I may have to break out the spam.el customizations from the regular
`G c' customization buffer so I'm not slowing down Gnus in general.
Thanks
Ted
[-- Warning: decoded text below may be mangled, UTF-8 assumed --]
[-- Attachment #2: spam-autodetect.patch --]
[-- Type: text/x-patch, Size: 15725 bytes --]
Index: spam.el
===================================================================
RCS file: /usr/local/cvsroot/gnus/lisp/spam.el,v
retrieving revision 6.141
diff -u -r6.141 spam.el
--- spam.el 10 Dec 2003 19:57:15 -0000 6.141
+++ spam.el 10 Dec 2003 23:00:52 -0000
@@ -63,6 +63,8 @@
;; autoload gnus-registry
(eval-and-compile
+ (autoload 'gnus-registry-group-count "gnus-registry")
+ (autoload 'gnus-registry-add-group "gnus-registry")
(autoload 'gnus-registry-store-extra-entry "gnus-registry")
(autoload 'gnus-registry-fetch-extra "gnus-registry"))
@@ -98,6 +100,18 @@
:type 'boolean
:group 'spam)
+(defcustom spam-split-symbolic-return nil
+ "Whether spam-split should work with symbols or group names."
+ :type 'boolean
+ :group 'spam)
+
+(defcustom spam-split-symbolic-return-positive nil
+ "Whether spam-split should ALWAYS work with symbols or group
+ names.
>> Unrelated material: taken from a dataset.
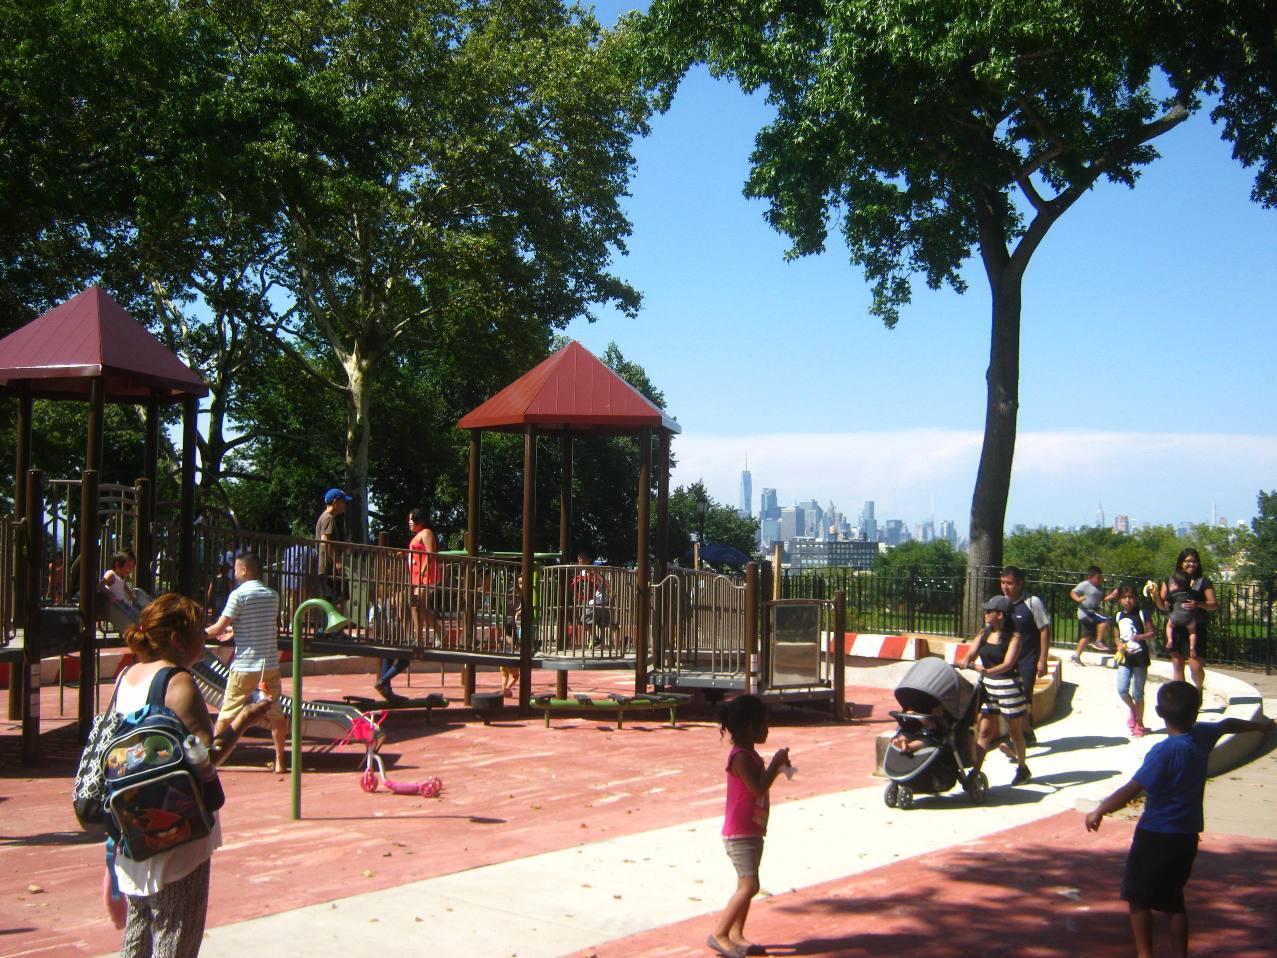 ブルックリンのサンセット公園・子どもの遊び場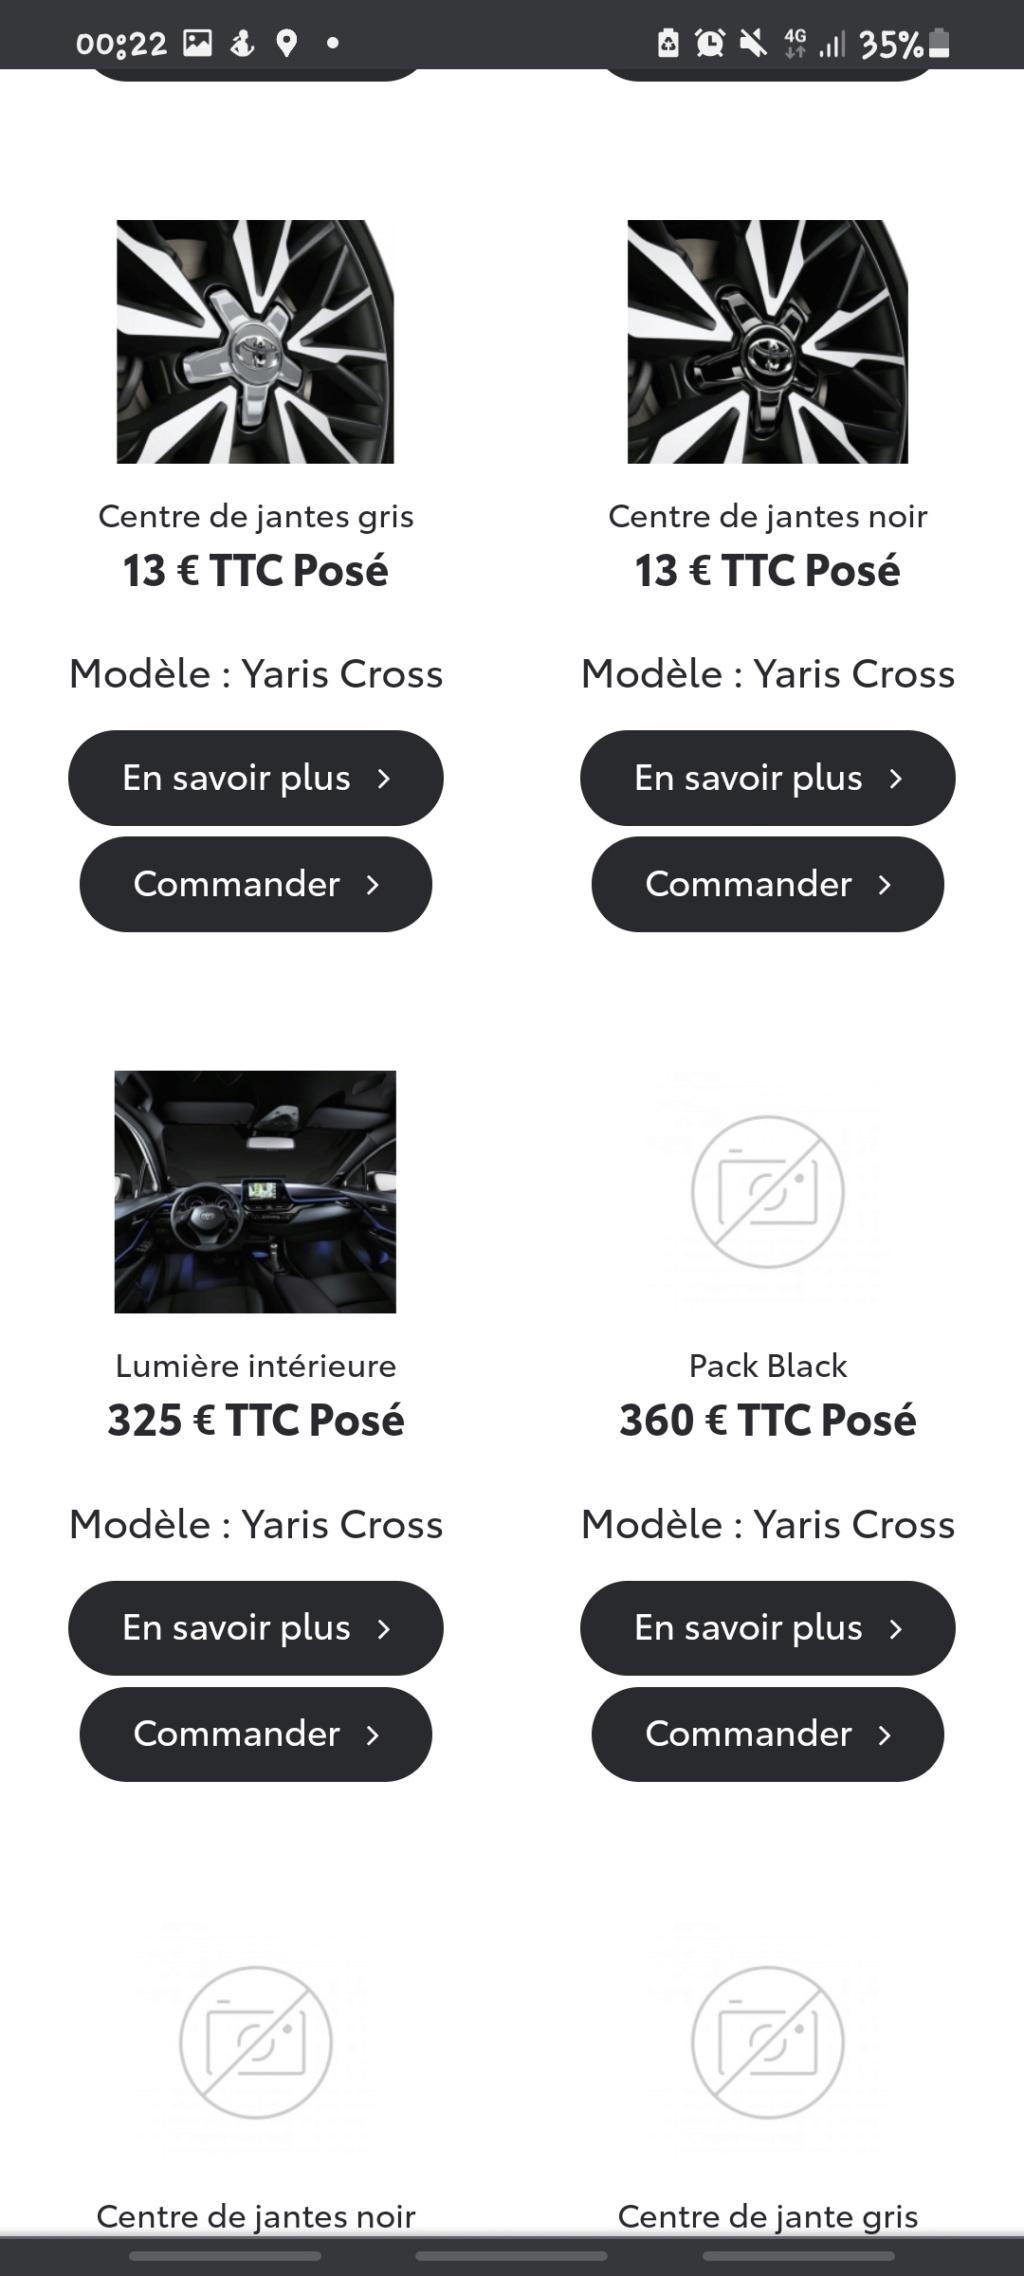 Accessoires pour Yaris Cross Screen56

Do not set this if you use spam-split in a fancy split
+ method."
+ :type 'boolean
+ :group 'spam)
+
(defcustom spam-process-ham-in-spam-groups nil
"Whether ham should be processed in spam groups."
:type 'boolean
@@ -128,6 +142,12 @@
:type 'boolean
:group 'spam)
+(defcustom spam-autodetect-recheck-messages nil
+ "Should spam.el recheck all meessages when autodetecting?
+Normally this is nil, so only unseen messages will be checked."
+ :type 'boolean
+ :group 'spam)
+
(defcustom spam-whitelist (expand-file-name "whitelist" spam-directory)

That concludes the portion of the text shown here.